2019 Copa de la Reina

Tournament details
- Country: Spain
- City: Vitoria-Gasteiz
- Venue: Medizorroza
- Dates: 28 February - 3 March 2019
- Teams: 8
- Defending champions: Perfumerías Avenida

Final positions
- Champions: Perfumerías Avenida
- Runners-up: Spar CityLift Girona

Tournament statistics
- Matches played: 7

Awards
- MVP: Érika de Souza

= 2019 Copa de la Reina de Baloncesto =

The Copa de la Reina de Baloncesto 2019 was the 57th edition of the Spanish Queen's Basketball Cup. It is managed by the Spanish Basketball Federation – FEB and was 28 February to 3 March 2019 in the Polideportivo de Mendizorroza, Vitoria-Gasteiz. Perfumerías Avenida beat Spar CityLift Girona 79-71 in the final.
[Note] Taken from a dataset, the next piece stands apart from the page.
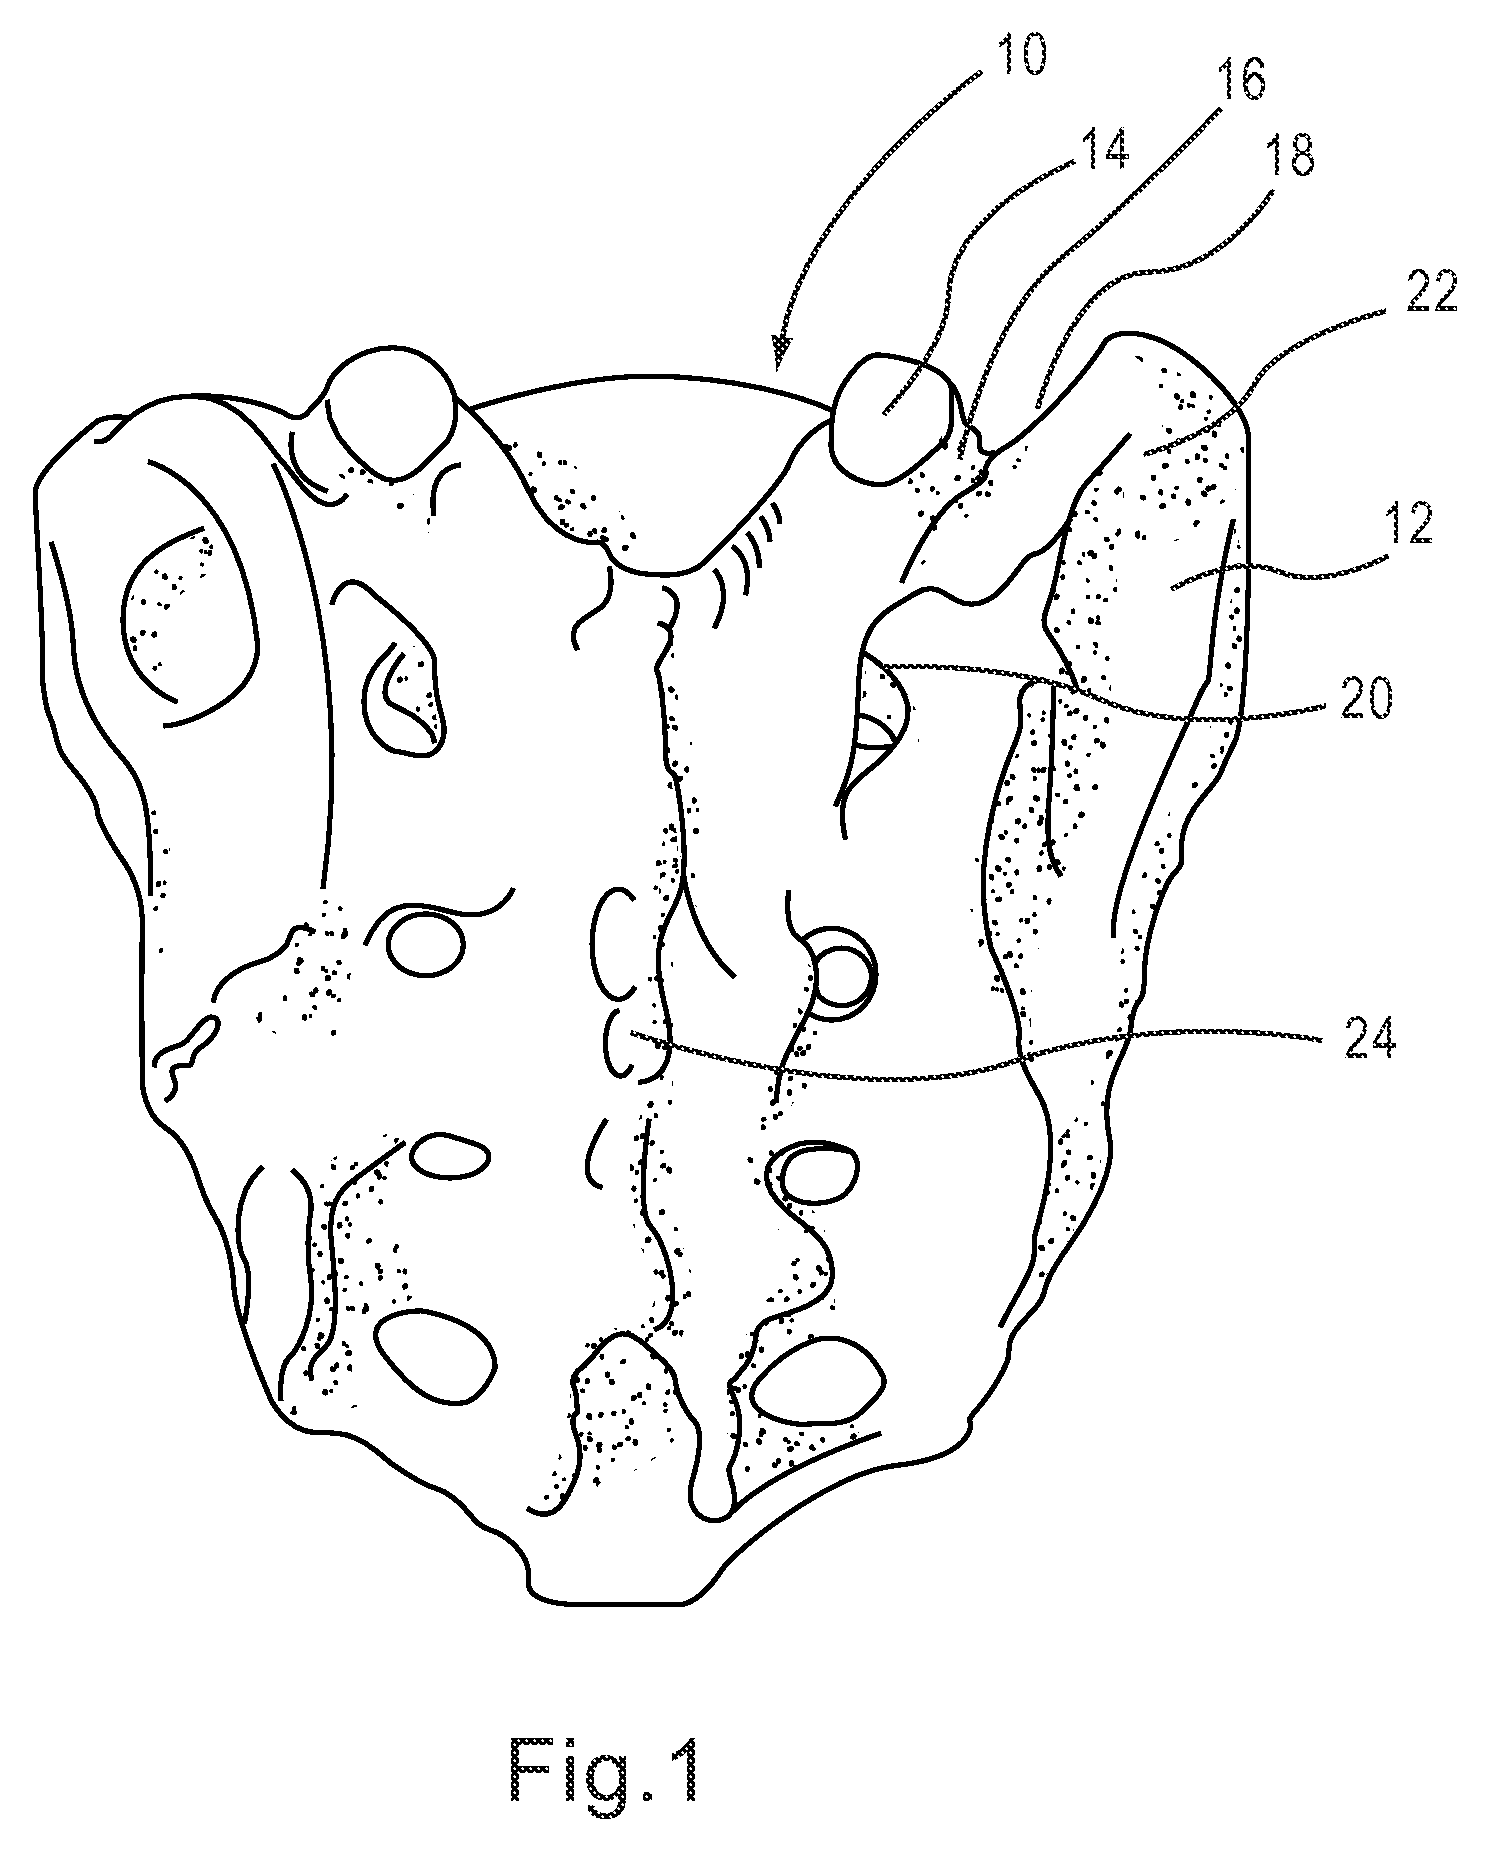 Kit and methods for medical procedures within a sacrum

Érika de Souza was the MVP.

==Qualification==
Prior to the start of the season, the rules of the Spanish Basketball Federation established that the top seven teams classified after the end of the first half of the 2018–19 League (13th matchday, 30 December 2018), would play the competition along with the host chosen by the Federation.

===Qualified teams===

| Pos | Team | Pld | W | L | PF | PA | PD | Pts | Seeding |
| 1 | Spar CityLift Girona | 13 | 12 | 1 | 1055 | 739 | +316 | 25 | Qualified as seeded teams |
| 2 | Perfumerías Avenida | 13 | 12 | 1 | 961 | 726 | +235 | 25 |
| 3 | Lointek Gernika Bizkaia | 13 | 10 | 3 | 935 | 801 | +134 | 23 |
| 4 | Cadí La Seu | 13 | 10 | 3 | 892 | 805 | +87 | 23 |
| 5 | Valencia Basket | 13 | 9 | 4 | 881 | 800 | +81 | 22 |  |
| 6 | IDK Gipuzkoa | 13 | 8 | 5 | 819 | 799 | +20 | 21 |
| 7 | Nissan Al-Qázeres Extremadura | 13 | 6 | 7 | 900 | 898 | +2 | 19 |
| 9 | RPK Araski (H) | 13 | 5 | 8 | 803 | 894 | −91 | 18 |

==Draw==
The Cup was drawn on 15 February 2019 in Vitoria-Gasteiz. The seeded teams were paired in the quarterfinals with the non-seeded teams. There were not any restrictions for the draw of the semifinals.